Connect Cordum to Datadog
Export distributed traces and metrics from Cordum to Datadog using the OpenTelemetry Collector.
Prerequisites
- Cordum running (Docker Compose or Kubernetes)
- Datadog account with an API key
- Datadog site URL (e.g.,
datadoghq.com,datadoghq.eu)
Step 1: Enable OTEL in Cordum
Set the following environment variables on all Cordum services:
# Enable OTEL tracing and metrics
OTEL_ENABLED=true
OTEL_METRICS_ENABLED=true
# Point to the OTEL collector sidecar (or standalone collector)
OTEL_EXPORTER_OTLP_ENDPOINT=localhost:4317
# Sampling rate (0.1 = 10% of traces, adjust for your volume)
OTEL_TRACES_SAMPLER_ARG=0.1
For Docker Compose, add these to your .env file. For Kubernetes, set them in the deployment env vars or ConfigMap.
Step 2: Configure the OTEL Collector
Create or update the collector configuration to export to Datadog.
Docker Compose
Add an OTEL collector service to your docker-compose.yml:
otel-collector:
image: otel/opentelemetry-collector-contrib:0.115.0
command: ["--config=/etc/otel/config.yaml"]
ports:
- "4317:4317" # OTLP gRPC
volumes:
- ./config/otel-collector.yaml:/etc/otel/config.yaml:ro
environment:
- DD_API_KEY=${DD_API_KEY}
- DD_SITE=${DD_SITE:-datadoghq.com}
Create config/otel-collector.yaml:
receivers:
otlp:
protocols:
grpc:
endpoint: 0.0.0.0:4317
processors:
batch:
timeout: 5s
send_batch_size: 1024
exporters:
datadog:
api:
key: ${DD_API_KEY}
site: ${DD_SITE}
traces:
span_name_as_resource_name: true
metrics:
resource_attributes_as_tags: true
service:
pipelines:
traces:
receivers: [otlp]
processors: [batch]
exporters: [datadog]
metrics:
receivers: [otlp]
processors: [batch]
exporters: [datadog]
Kubernetes (Kustomize)
Uncomment the OTEL resources in deploy/k8s/production/kustomization.yaml:
resources:
# ... existing resources ...
- otel-collector-config.yaml # uncomment this
patches:
# ... existing patches ...
- path: patches/otel-sidecar.yaml # uncomment this
Update the collector ConfigMap to use the Datadog exporter (replace the default OTLP exporter section).

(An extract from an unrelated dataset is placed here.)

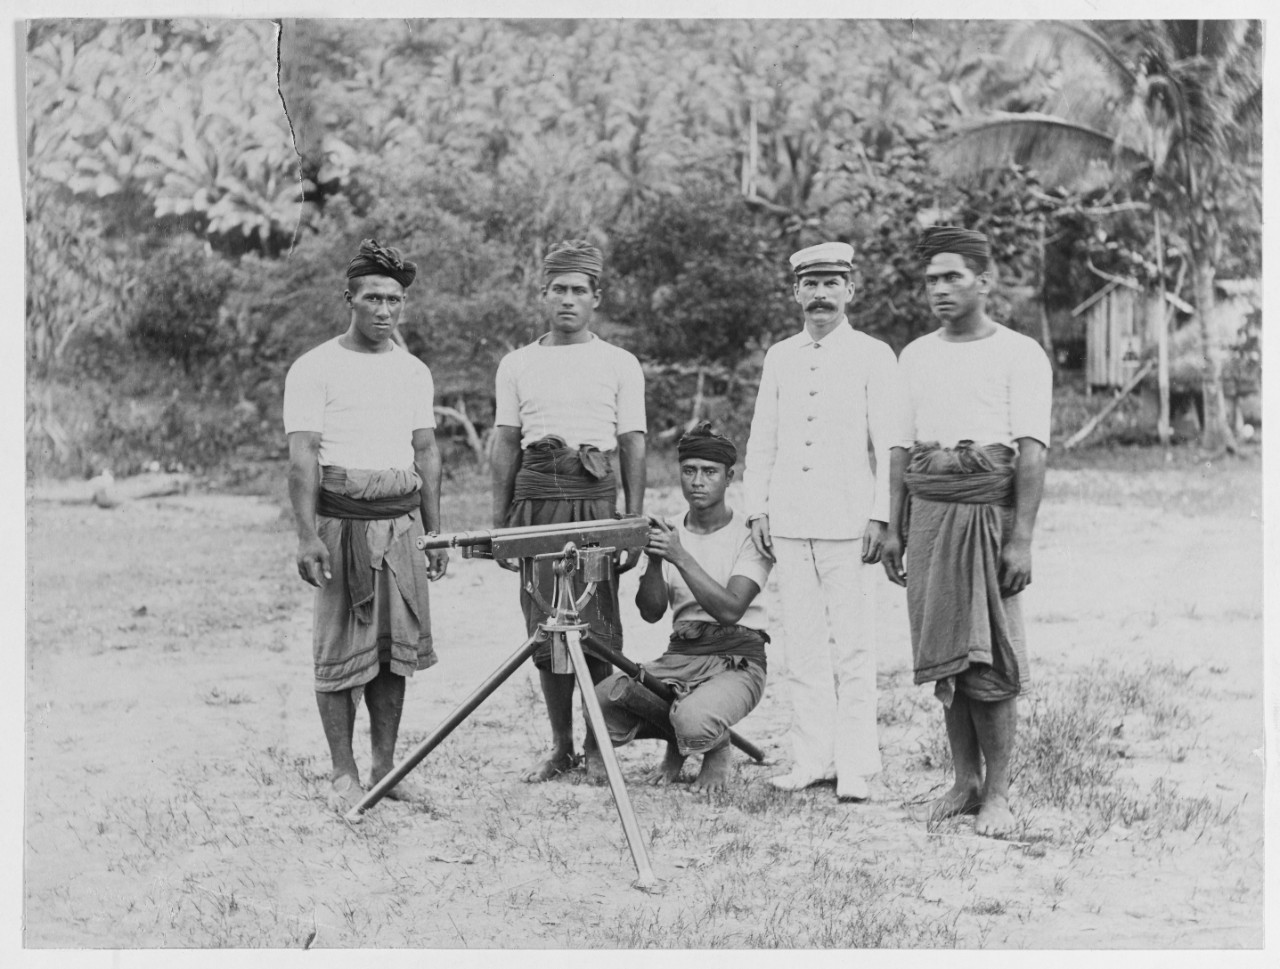 Native guard with Colt gun, Samoa, 1900-1901.

Step 3: Set Datadog Credentials
# Docker Compose
export DD_API_KEY="your-datadog-api-key"
export DD_SITE="datadoghq.com" # or datadoghq.eu
# Kubernetes
kubectl create secret generic datadog-api-key \
--from-literal=api-key="your-datadog-api-key" \
-n cordum
Step 4: Restart and Verify
# Docker Compose
docker compose up -d
# Kubernetes
kubectl rollout restart deployment -n cordum
Verify traces in Datadog APM
- Open Datadog APM > Traces
- Filter by service:
cordum-api-gateway,cordum-scheduler,cordum-safety-kernel - You should see traces for:
- HTTP requests to the API gateway
- Safety kernel policy evaluations
- Job dispatch and result processing
Verify metrics in Datadog Metrics Explorer
- Open Datadog Metrics > Explorer
- Search for metrics with prefix
cordum_:cordum_scheduler_jobs_received_total— jobs received by topiccordum_scheduler_jobs_completed_total— jobs completed by statuscordum_api_gateway_http_requests_total— API request ratecordum_api_gateway_http_request_duration_seconds— API latency
Expected Datadog Views
APM Service Map: Cordum services appear as nodes with request/error/latency metrics. The gateway connects to the safety kernel and scheduler, which connect to NATS and Redis.
Trace Waterfall: A single job submission shows: gateway HTTP handler > safety kernel policy check > scheduler dispatch > worker execution > result processing.
Metrics Dashboard: Import the pre-built Grafana dashboard (deploy/grafana/cordum-overview.json) into Datadog using the Prometheus integration, or build a Datadog dashboard using the same metric names.
Troubleshooting
| Issue | Solution |
|---|---|
| No traces in Datadog | Check OTEL_ENABLED=true is set on all services. Verify collector logs: docker compose logs otel-collector |
| Missing metrics | Verify OTEL_METRICS_ENABLED=true. Check collector config has a metrics pipeline |
| High cardinality | Lower sampling rate: OTEL_TRACES_SAMPLER_ARG=0.01 (1%) |
| Collector OOM | Increase memory limit or lower batch size in collector config |
| Existing Prometheus broken | OTEL metrics are additive. Prometheus on :9092/metrics should be unchanged. If missing, check the Prometheus endpoint independently |